(Exercise aim):
All of the listing should be returned as written, apart from any picture in it.

(Recorded data)

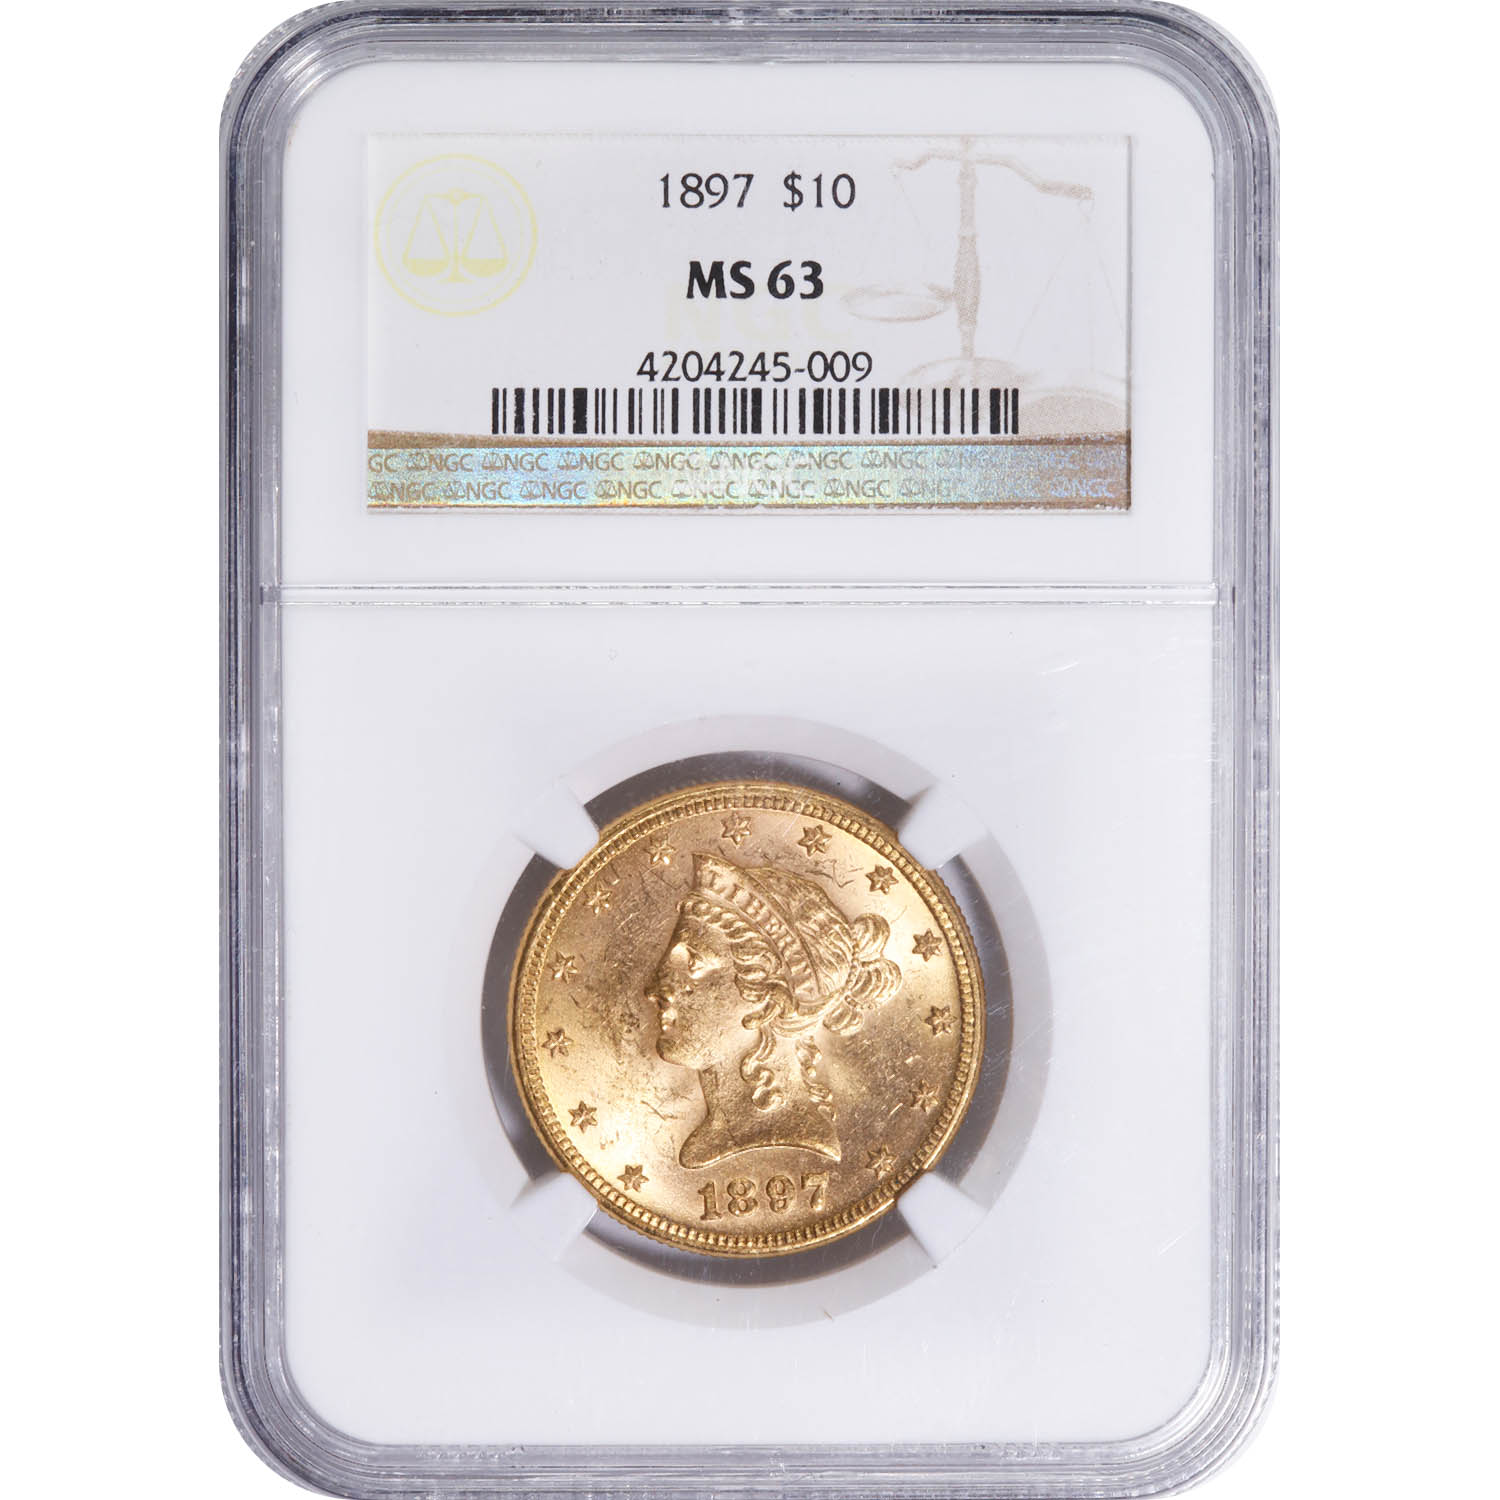 Certified US Gold $10 Liberty 1897 MS63 NGC
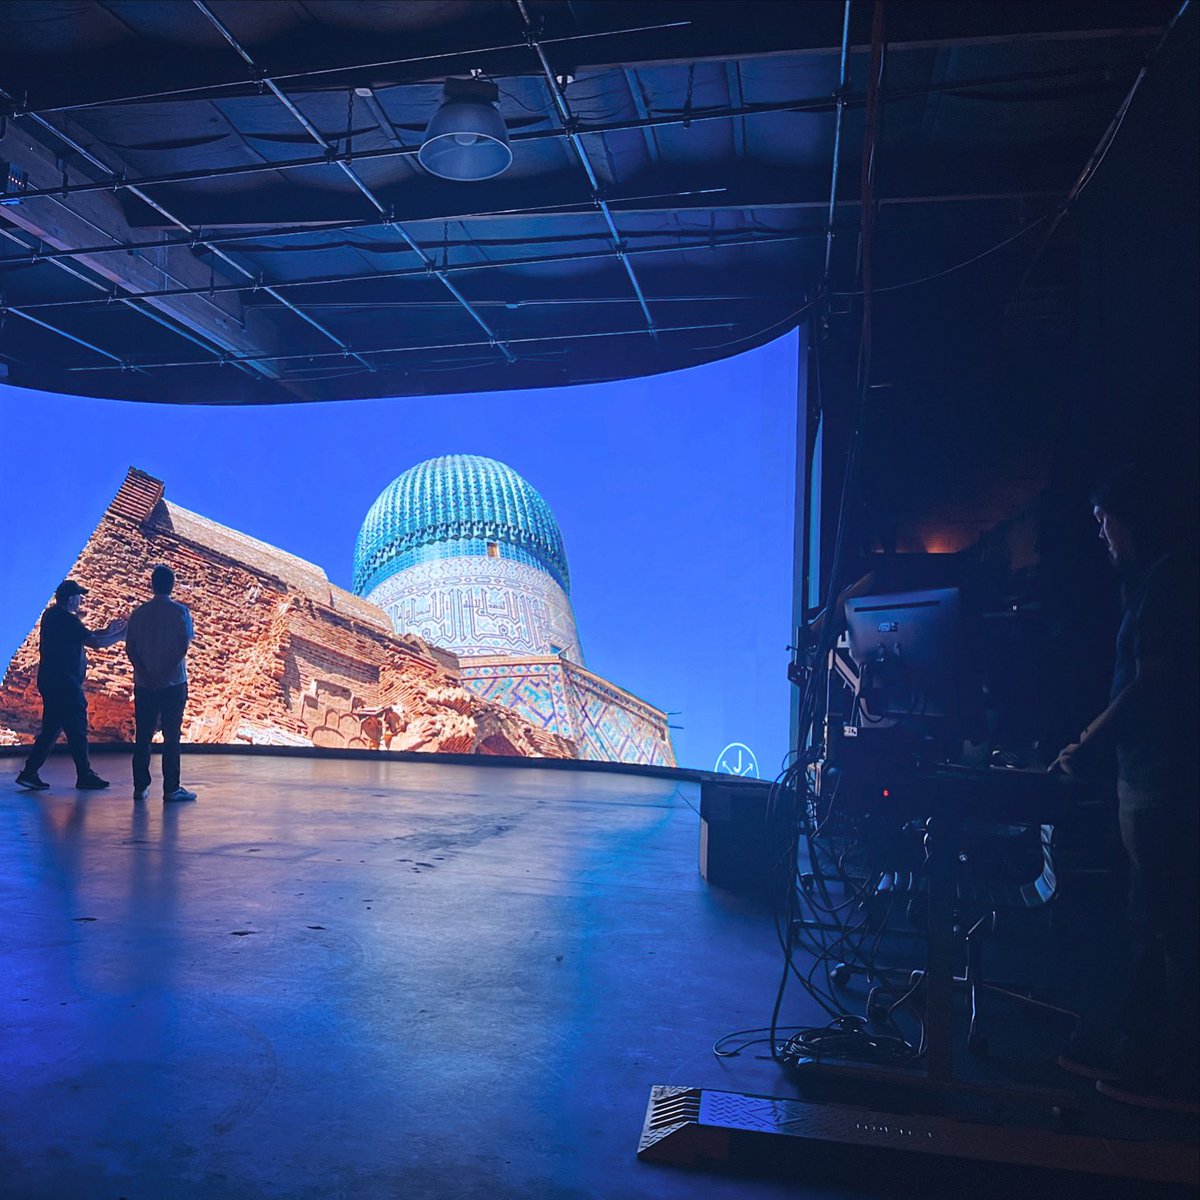 Anywhere you need to go, the wall can take you. Creators: click the link in our bio and book a stage today. #LEDwall #LEDVolume #ICVFX #Studio #Directors
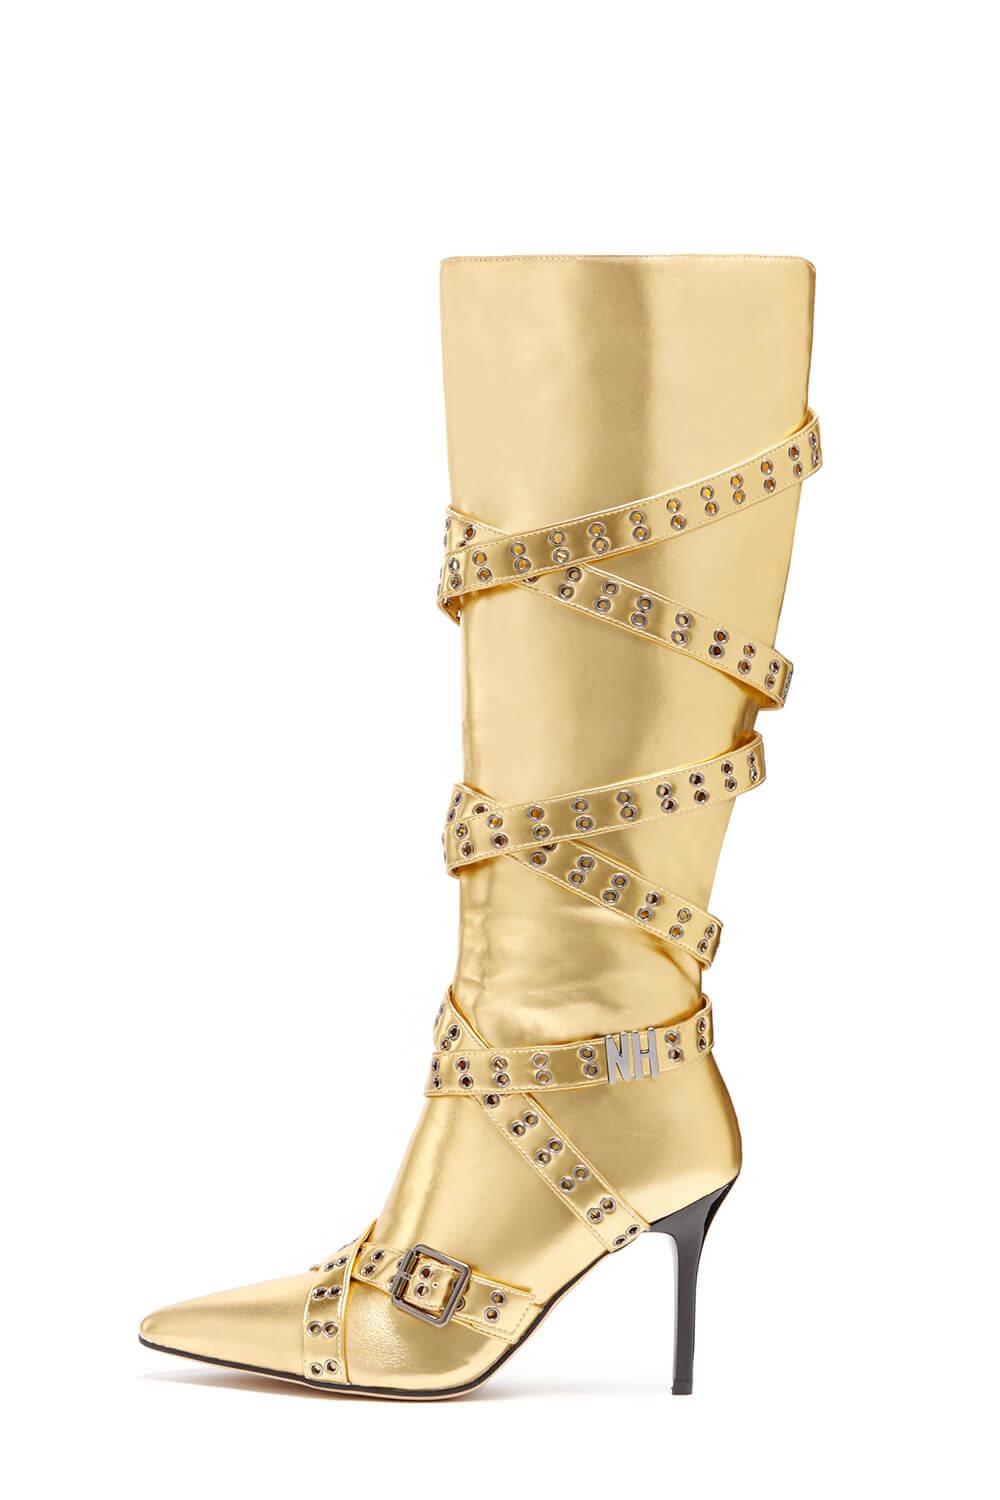 Strap Belt Pointed Toe Knee High Stiletto Boots With Buckle Details - Metallic Gold

(End Recorded data)

(Completed task):
 Certified US Gold $10 Liberty 1897 MS63 NGC
 Anywhere you need to go, the wall can take you. Creators: click the link in our bio and book a stage today. #LEDwall #LEDVolume #ICVFX #Studio #Directors
 Strap Belt Pointed Toe Knee High Stiletto Boots With Buckle Details - Metallic Gold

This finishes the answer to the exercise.